Here's what it does. The plugin adds /codex:review, /codex:adversarial-review, and /codex:rescue slash commands to your Claude Code session. They delegate to your local Codex CLI and run in a completely separate process — no context window contention, no token juggling, no duplicate configuration. You fire off an adversarial review, keep working in the foreground with Opus, and check the results when Codex is done.

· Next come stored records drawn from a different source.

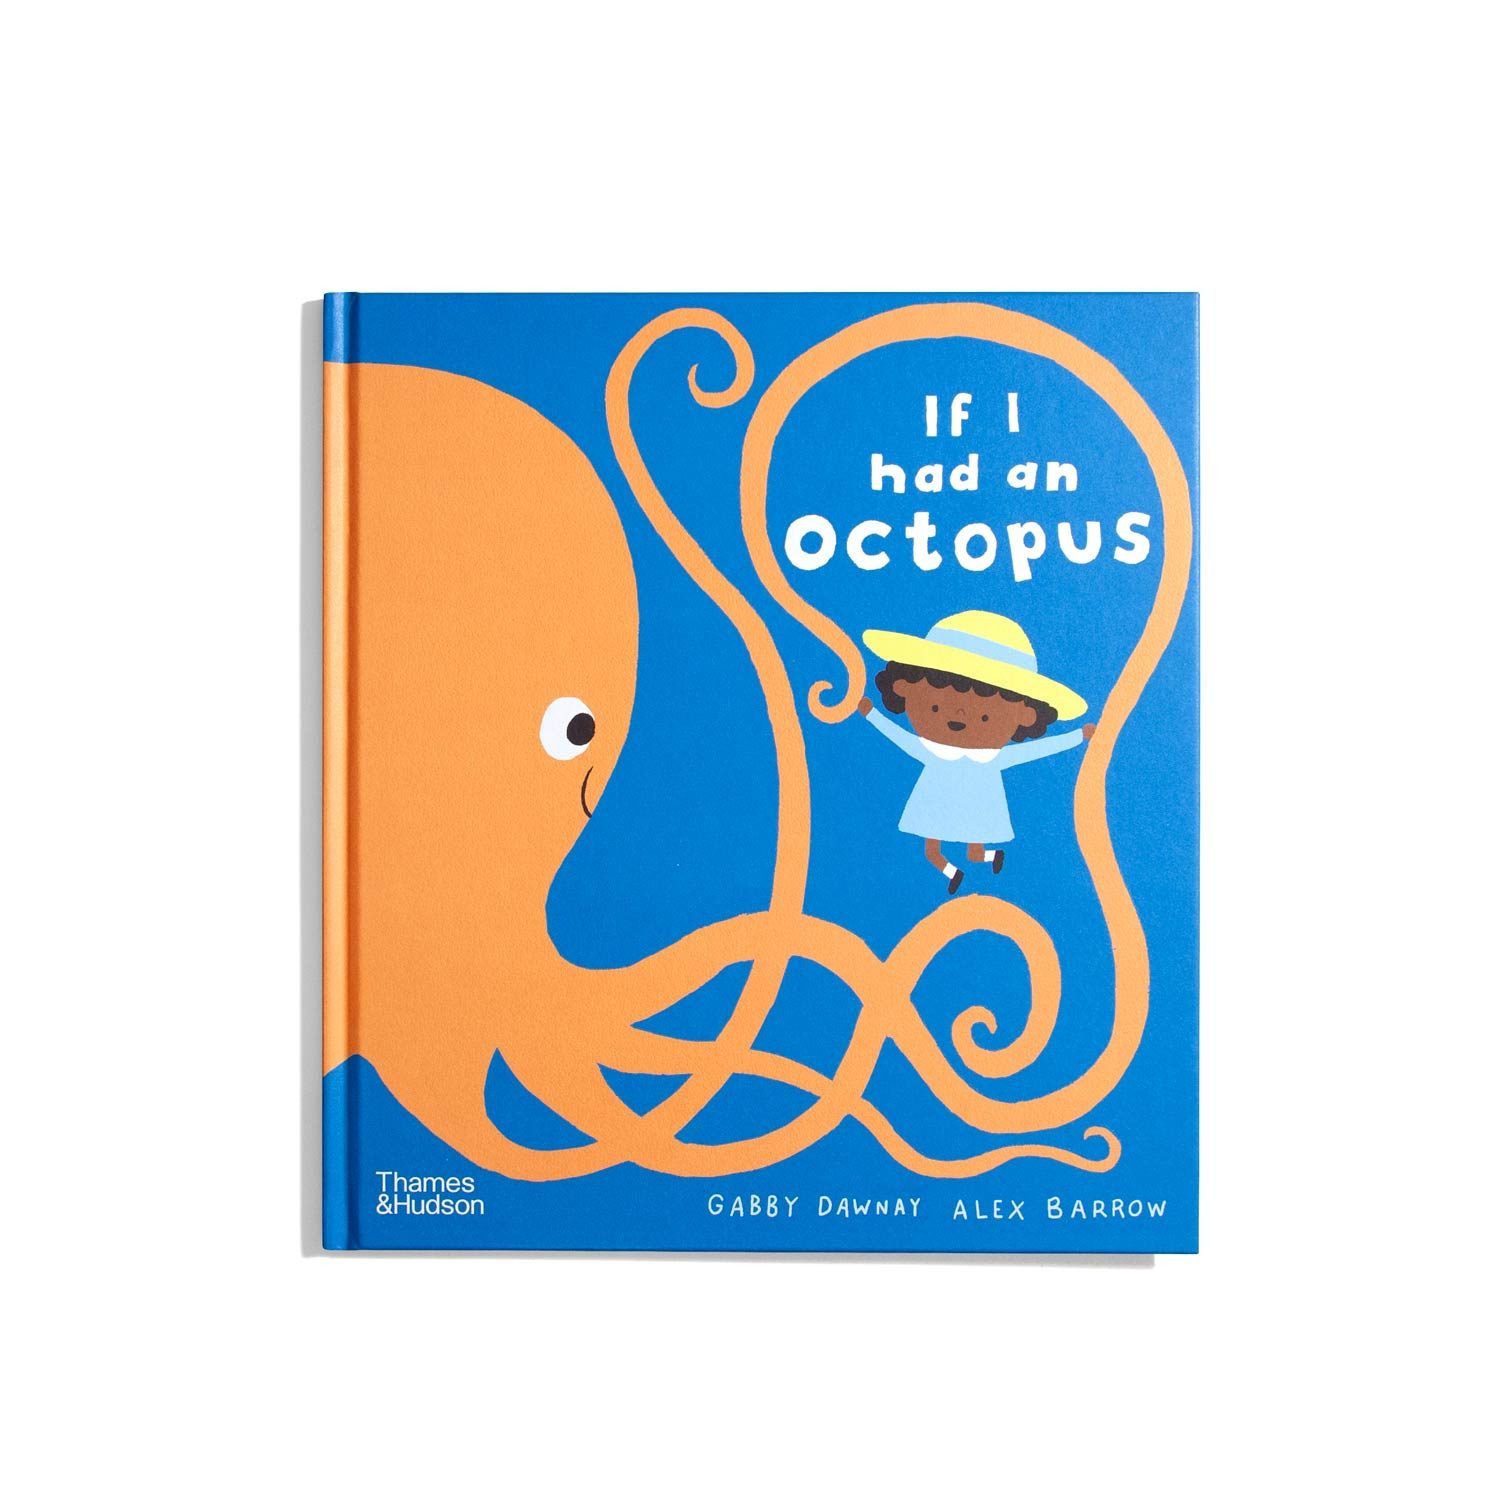 If I had an Octopus - Gabby Dawnay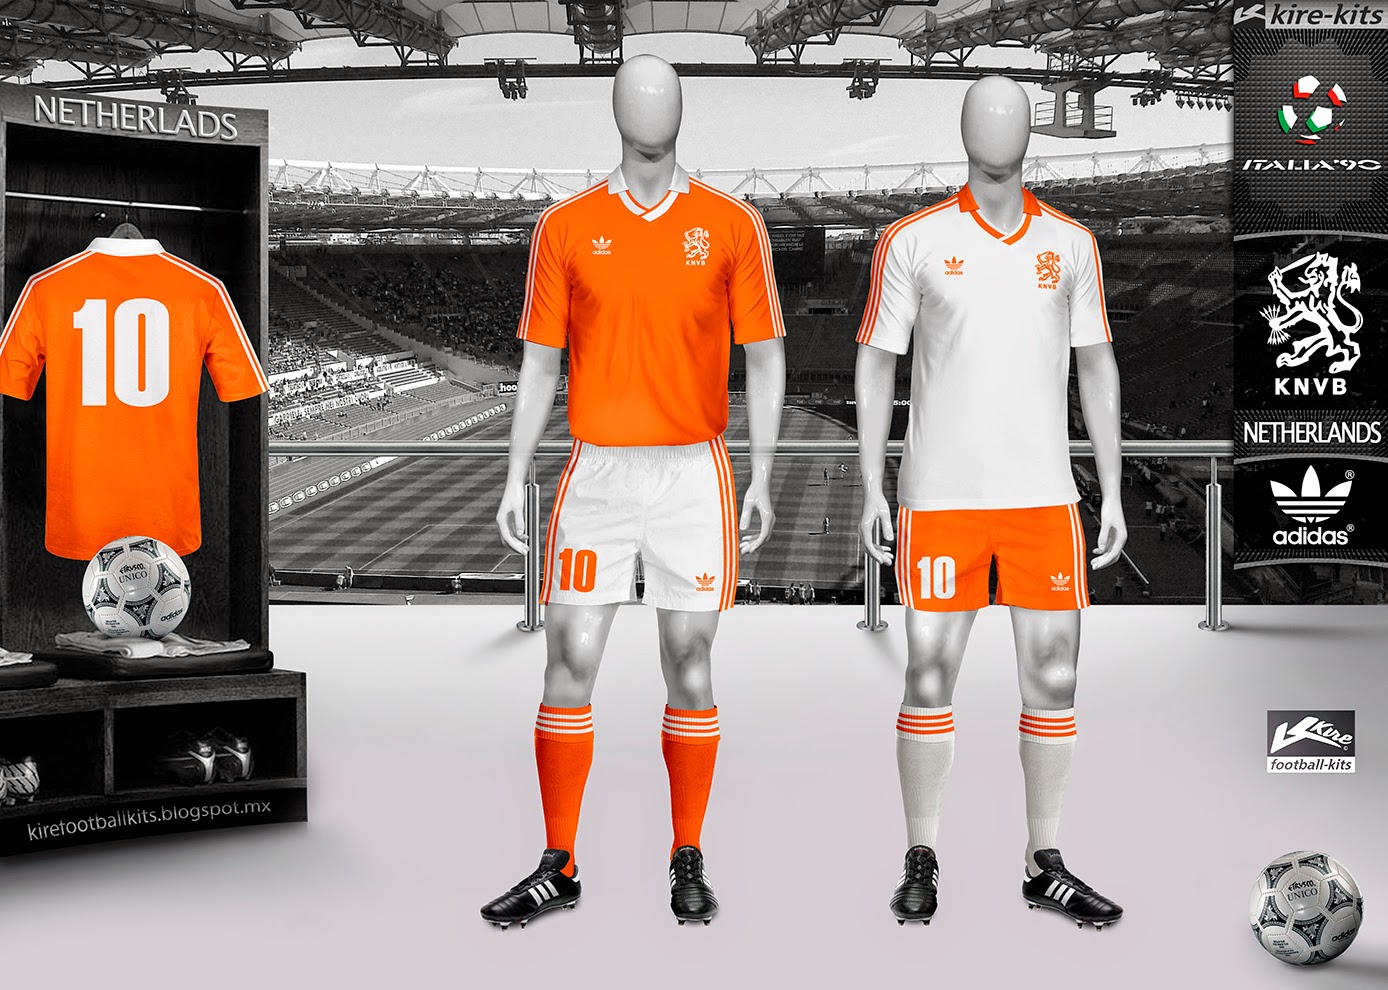 Kire Football Kits: Netherlands kits World Cup 1990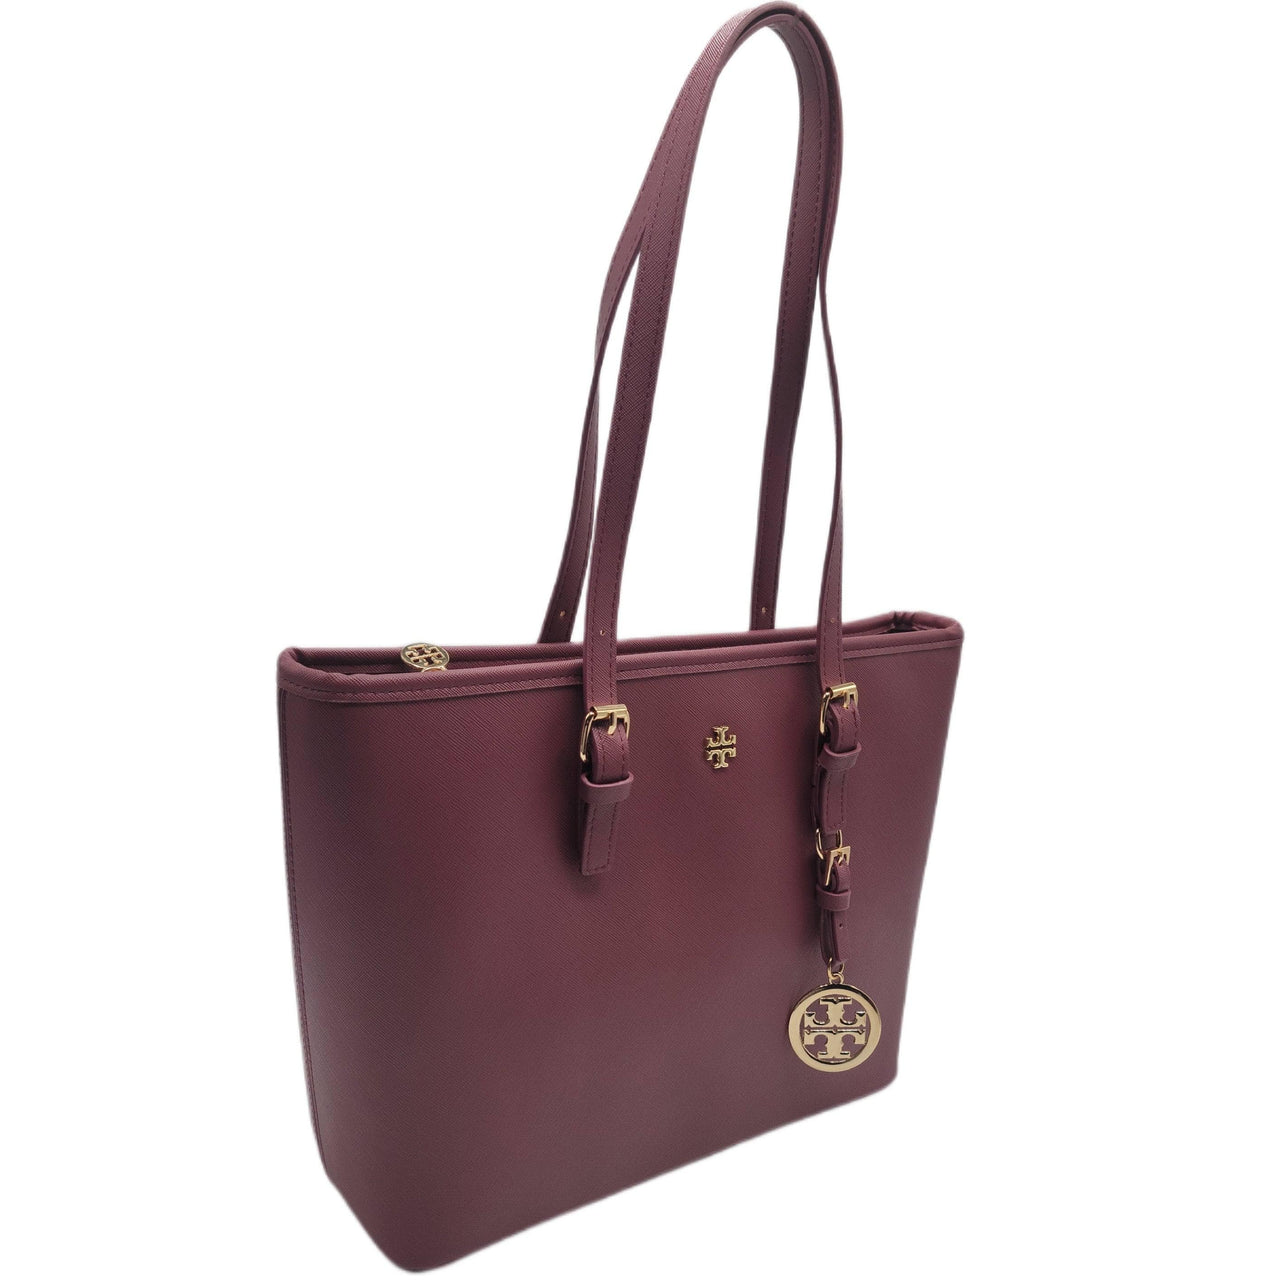 The Bag Couture Handbags, Wallets & Cases Tory Burch Shoulder Bag Maroon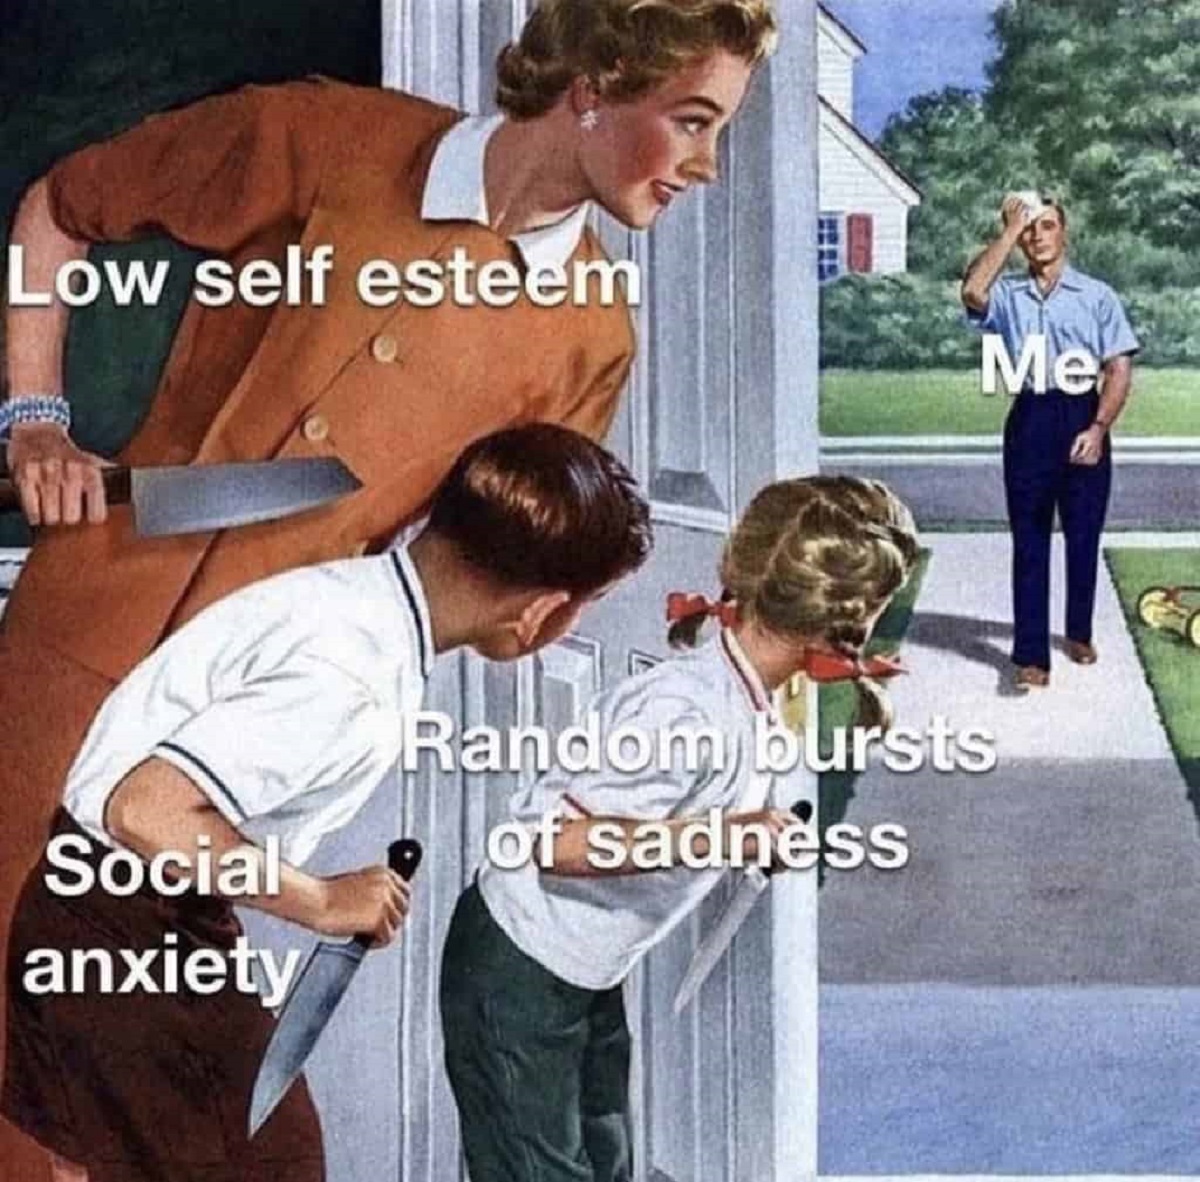 Meme - Low self esteem Random bursts Social of sadness anxiety Me

The reason it's first on the list is simple: every AI model has systematic blind spots. Opus leans architectural. Codex leans execution-level. When I ran both against the same production codebase on a Saturday night incident last month, Codex caught four high-severity issues, Opus caught eight, and only one overlapped. That's seven bugs a single-model review would have missed — on code I was about to ship to users.

I wrote up the full breakdown of that incident in my Codex plugin adversarial review deep dive, so I won't repeat the whole story here. The short version: if you're shipping anything that users touch, a single AI reviewer is a liability. The Codex plugin is how I stopped pretending that wasn't true.

When to install this: Day one. Before any other plugin. It's free (ChatGPT free tier works), takes about five minutes to set up, and the first time it catches a bug Opus missed you'll understand why it's not optional.

When to skip it: If you're doing research, content work, or automation with no user-facing code involved. The adversarial review is specifically about defensive code quality. If you're not shipping software, it's overkill.

2. Obsidian + The Obsidian Skill — My Working Memory

I used Obsidian for personal notes for about two years before I realized it was secretly the best lightweight RAG system I could give Claude Code. The breakthrough came when I installed the Obsidian skill from the community marketplace and pointed Claude Code at my vault.

The setup is almost embarrassingly simple. Obsidian stores everything as plain markdown files in a folder you own. The skill teaches Claude Code how to navigate that folder structure, follow wiki links, read tags, and use the folder hierarchy as retrieval context. No vector database. No embedding pipeline. No infrastructure to maintain. Just markdown files and a skill that knows how to read them.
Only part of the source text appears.